Compared with the last 20 years of the Cold War, Russia is at liberty to concentrate its forces on Europe. Belarus, Iran, Turkey, Kazakhstan, and China are all “friendly” countries. This means that the potential flashpoints for conflict are different than they once were. Instead of the Yalu River, West Berlin, or central Germany, today’s strategic planners should look to the Russian enclave of Kaliningrad.[11] To avoid provocation, the region must be given ready access to food and fuel. In the Caucasus, Georgia’s situation remains unresolved and new strategic plans may need to be considered to ensure Georgia’s sovereignty without provoking a Russian intervention there.


Apart from the Gulf States, Azerbaijan and Armenia are two of the most heavily militarized countries. A short but bloody war in 2020 reignited the smoldering Nagorno-Karabakh conflict of the 1990s.
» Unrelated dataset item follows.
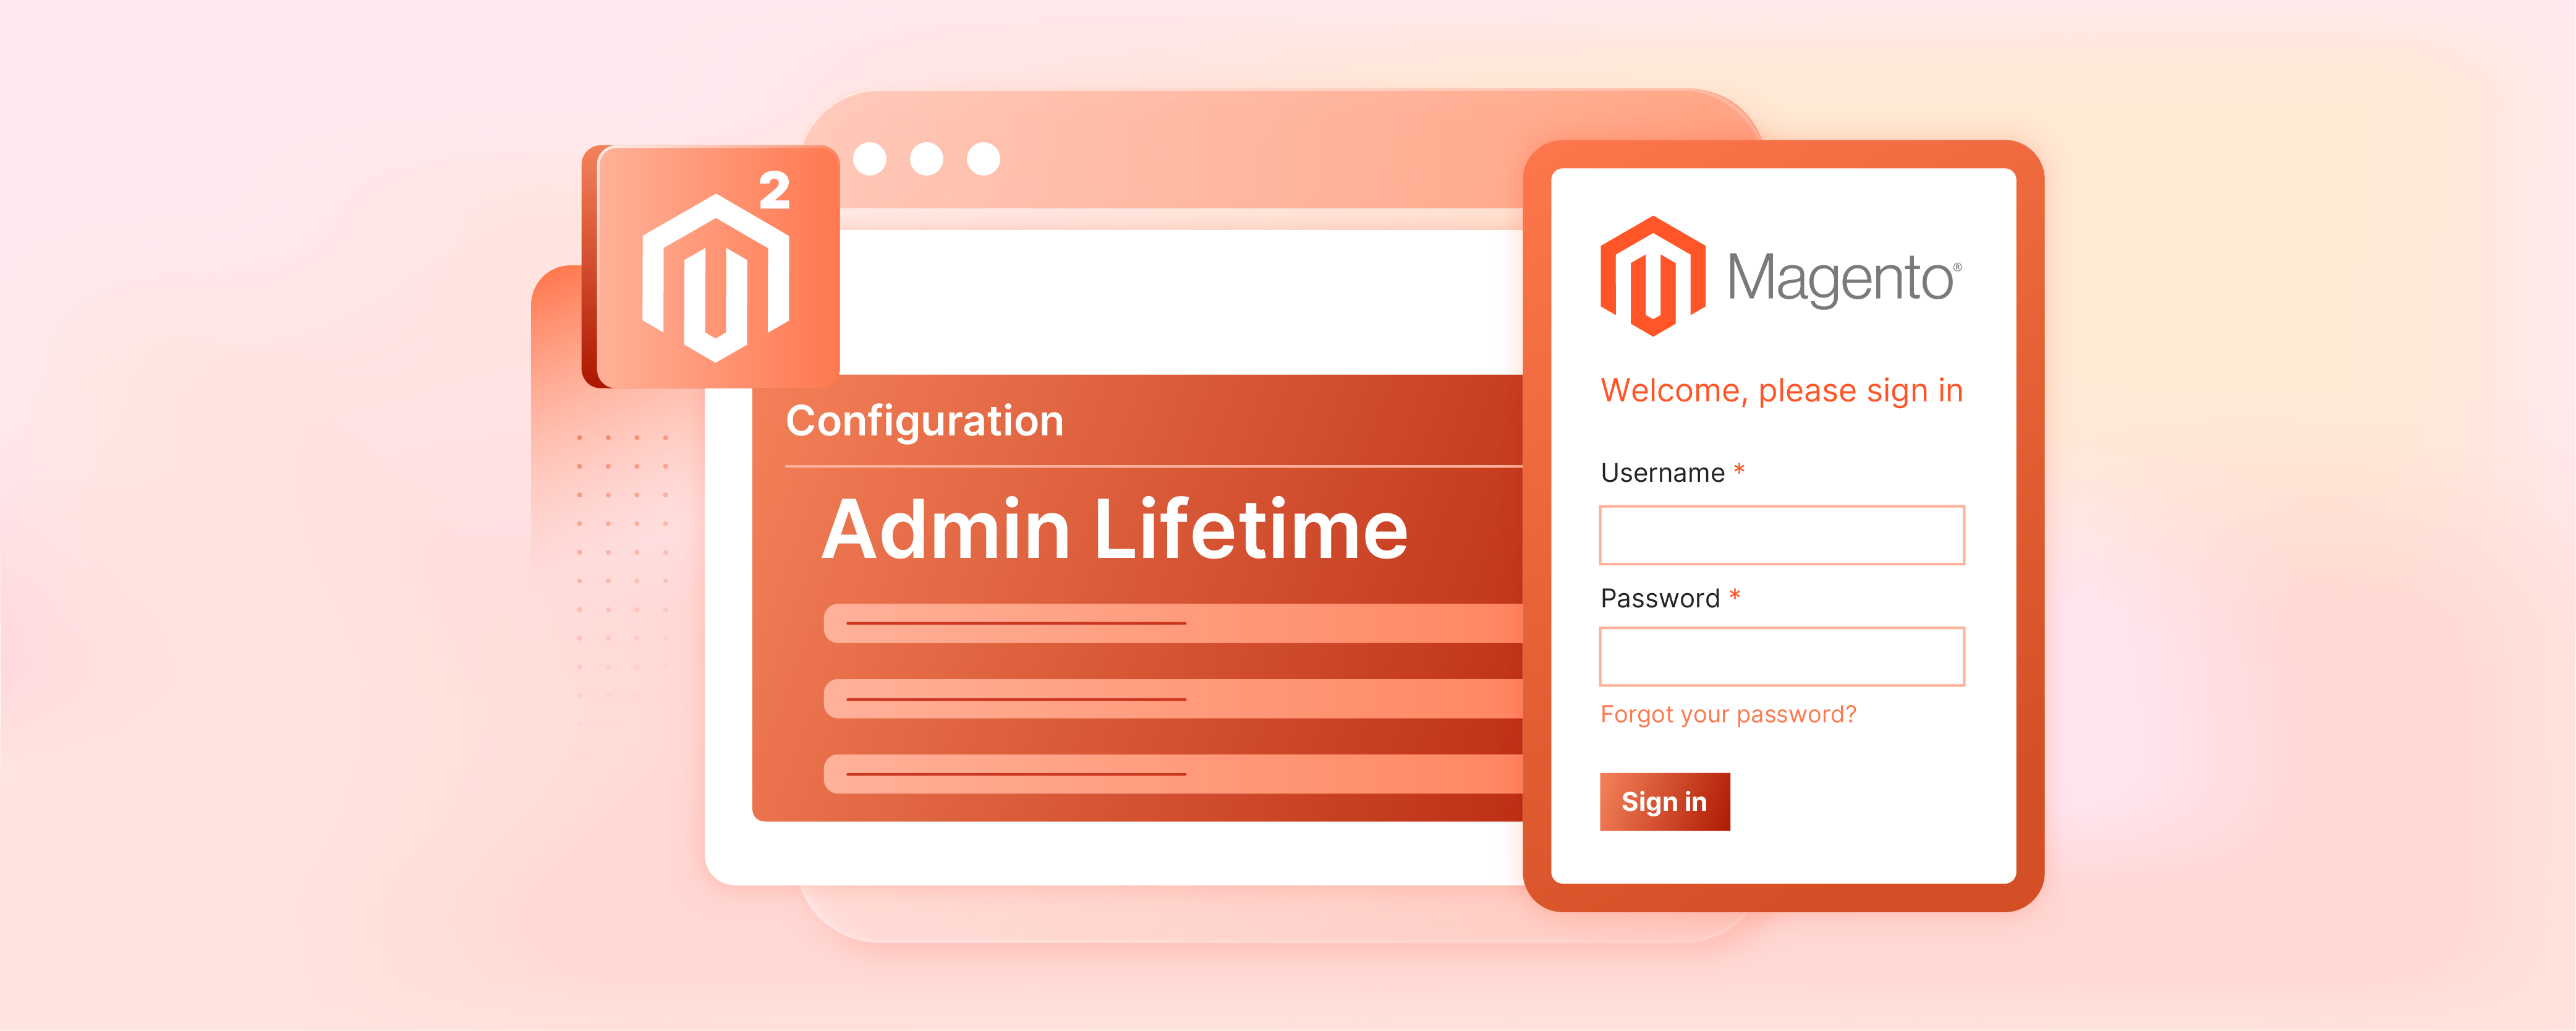 How to Configure Magento 2 Admin Session Lifetime?

Armenia and Azerbaijan both buy weaponry from Russia, although Azerbaijan has independent cultural alignments with both Iran and Turkey. If this conflict reignites, the complex strategic relations in the region may entangle Western countries in ways that are difficult to anticipate.
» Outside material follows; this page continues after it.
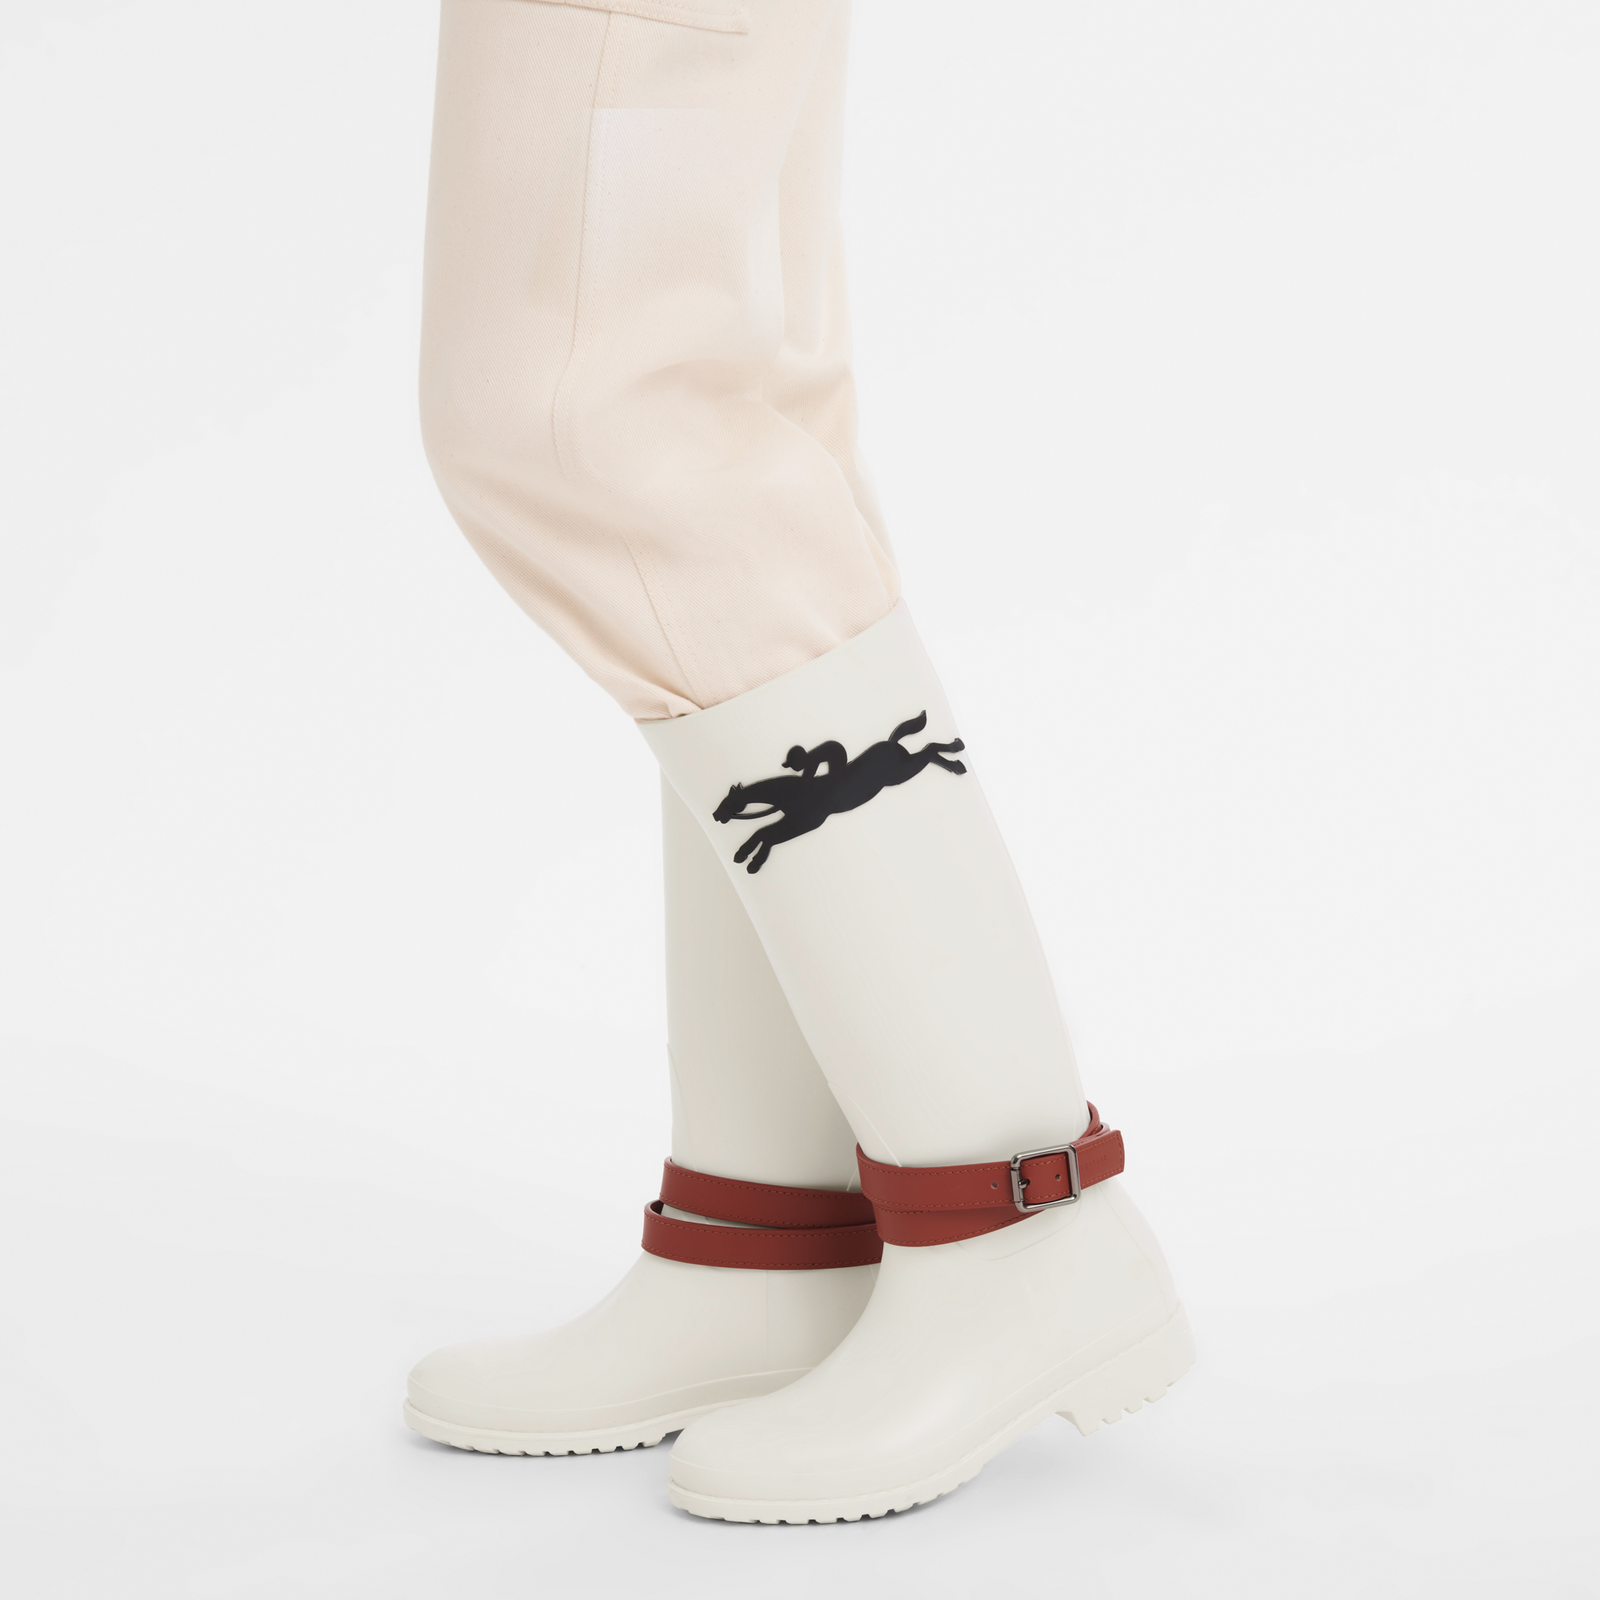 Cheval Longchamp Flache Stiefel, Elfenbein

Responding to Russia Today

Russia has undertaken a complex military endeavor even more ambitious than the US invasion of Iraq in 2003, and with only modestly more forces. Its campaign in northeastern Ukraine quickly bogged down around Kharkiv and forestalled a rapid victory, leaving Russian forces active but somewhat disorganized throughout parts of the country.


History suggests that Russian military doctrine will not change quickly and Russia has already lost valuable equipment in Ukraine. Nevertheless, Russia may adapt to circumstances and attempt to implement more flexible forces like its Western opponents—a pattern that some analysts already see happening.


Western policymakers, military leaders, and defense contractors must all evaluate countermeasures to safeguard vulnerable geographies. Moldova has rapidly moved to align itself with the EU and NATO. Georgia will likely remain paralyzed by its twin breakaway regions. Serbia has the potential to become a valuable partner in future European defense procurement. Aligned both with Russia and the EU, Serbia has a vibrant defense industry that uses clever technological workarounds to solve problems.


If credible concerns remain that future Russia aggression will isolate the Baltic states, NATO could invest in fixed barriers akin to the Kuwait-Iraq border[12]—deploying tank traps, trenches, and artillery in key areas like the Suwalki Gap to prevent armored invasion. Similar defenses could be deployed within Ukraine when a peace agreement is reached.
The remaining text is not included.